# Best Books of 2020
Scraping 'Best Books' lists from The New York Times. Using a JSON file from NPR for the same. Looking for 'peer-reviewed' verification via an intersection of lists from organizations that I trust.

## Importing Libraries and Data

In [13]:
import gzip 
import io
import requests
from bs4 import BeautifulSoup
import wget
import json
from pprint import pprint
 
import warnings

### NPR's Best Books of 2020 list
Data was found to be nicely-formatted via the front-end API which loaded (what appeared to be) a JSON file, after having inspected the page. 

In [6]:
# NPR's Best Books of 2020 List
wget.download('https://apps.npr.org/best-books/2020.json', 'npr.json')

'npr.json'

It turns out that this JSON was a GZIP file (despite not having a .gz file extension):

In [35]:
with gzip.open('npr.json', 'r') as gzip_file:
    npr_file = gzip_file.read()

npr = json.loads(npr_file)

In [37]:
npr[0]

{'title': "Dancing Man: A Broadway Choreographer's Journey",
 'author': 'Bob Avian with Tom Santopietro',
 'dimensions': {'width': 397, 'height': 595},
 'cover': '9781496825889',
 'tags': ['staff picks',
  'nonfiction',
  'biography & memoir',
  'for music lovers',
  'no biz like show biz'],
 'id': 1}

In [40]:
npr_books = []
for item in npr:
    book_name = item['title'.strip()]
    book_name = book_name.replace('\xa0','')
    npr_books.append(book_name)
    
print('There are', len(npr_books), 'recommended books by NPR:', npr_books)

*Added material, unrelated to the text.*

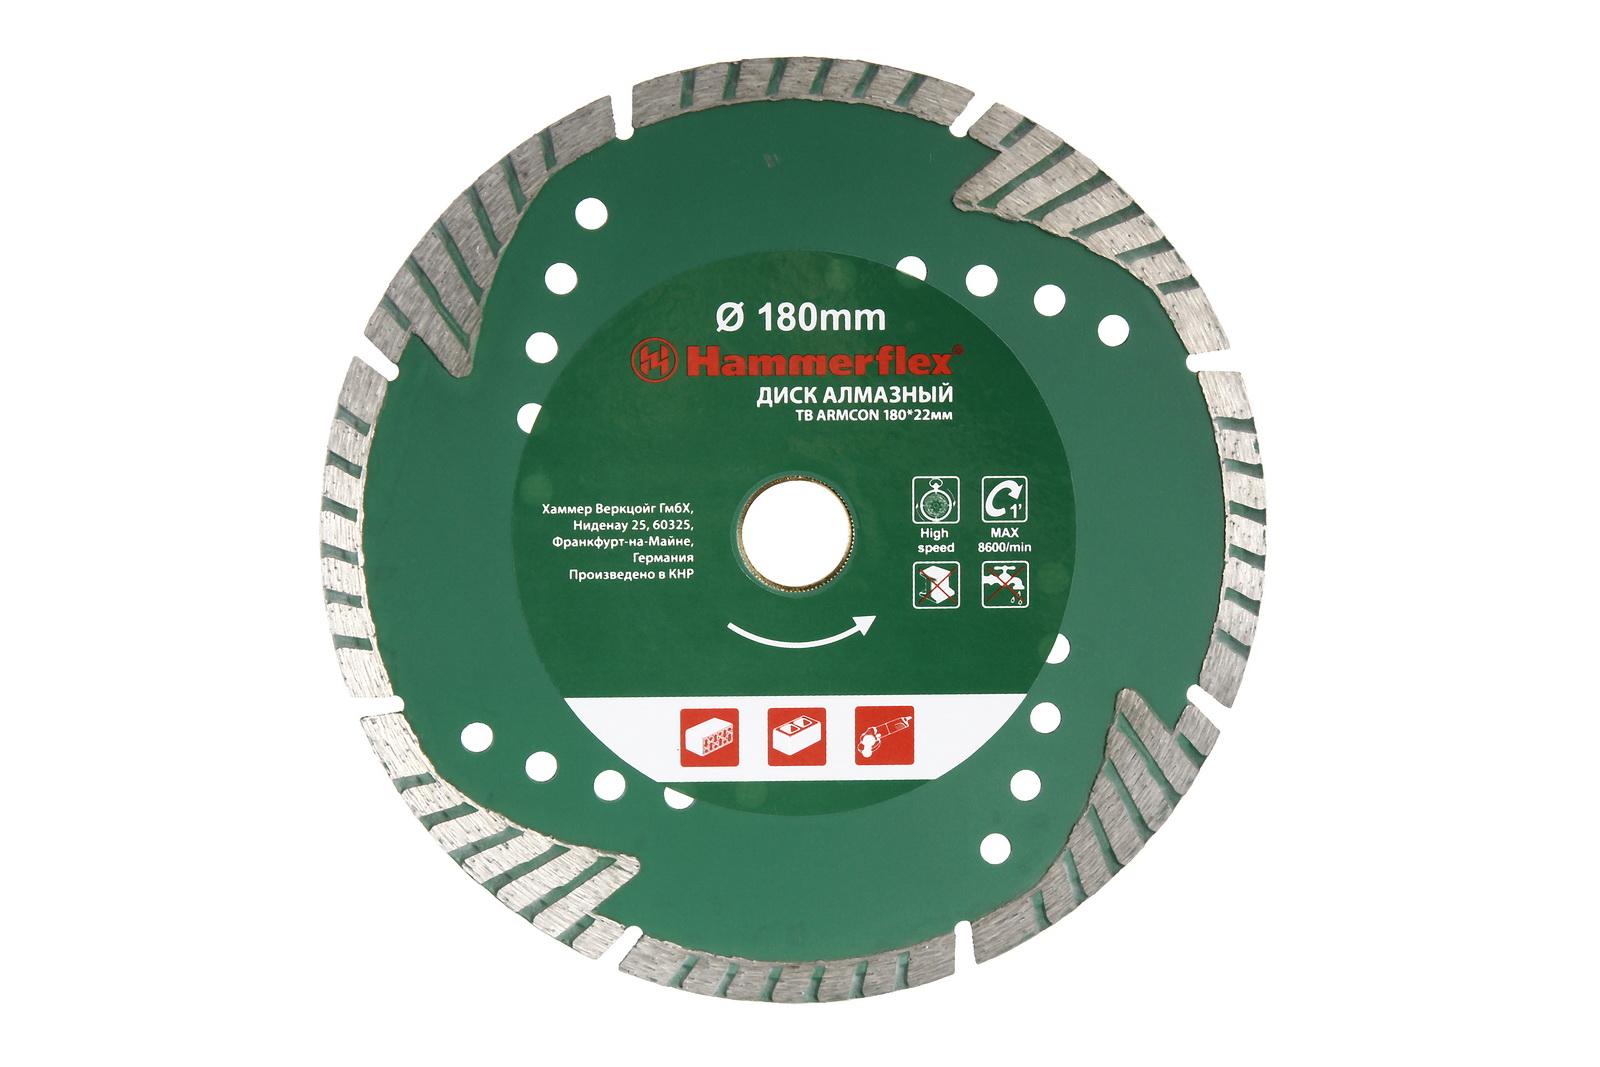 Картинка для Круг алмазный Hammer 206-124 db tb armcon

There are 383 recommended books by NPR: ["Dancing Man: A Broadway Choreographer's Journey", 'American Oligarchs: The Kushners, The Trumps, And The Marriage Of Money And Power', 'A Castle In The Clouds', 'Wagnerism: Art And Politics In The Shadow Of Music', "The Jakarta Method: Washington's Anticommunist Crusade And The Mass Murder Program That Shaped Our World", 'Luster: A Novel', 'Caste: The Origins Of Our Discontents', "A Children's Bible: A Novel", 'All Because You Matter', 'Black Heroes Of The Wild West', 'Echo Mountain', 'Everybody Counts: A Counting Story From 0 To 7.5 Billion', 'Go With The Flow', 'The Lights And Types Of Ships At Night', 'The Most Beautiful Thing', 'The Talk: Conversations About Race, Love & Truth', 'Twins', 'Wink', 'A Game Of Fox & Squirrels', 'Mad, Bad & Dangerous To Know', 'The Invisible Life Of Addie LaRue', 'The Mermaid, The Witch, And The Sea', 'Burnt Sugar: A Novel', 'No Filter: The Inside Story Of Instagram', 'Race For Profit: How Banks And The Real Est

### The New York Times 100 Notable Books of 2020
There was no API here, so I had to scrape.

In [42]:
# NYT 100 Notable Books of 2020
NYT = 'https://www.nytimes.com/interactive/2020/books/notable-books.html'
NYT_list = requests.get(NYT)
NYT_soup = BeautifulSoup(NYT_list.content, 'html.parser')
NYT_soup_1 = NYT_soup.body

In [48]:
NYT_books = []
book_title_list = NYT_soup_1.find_all('div', attrs={'class': 'g-book-title balance-text'})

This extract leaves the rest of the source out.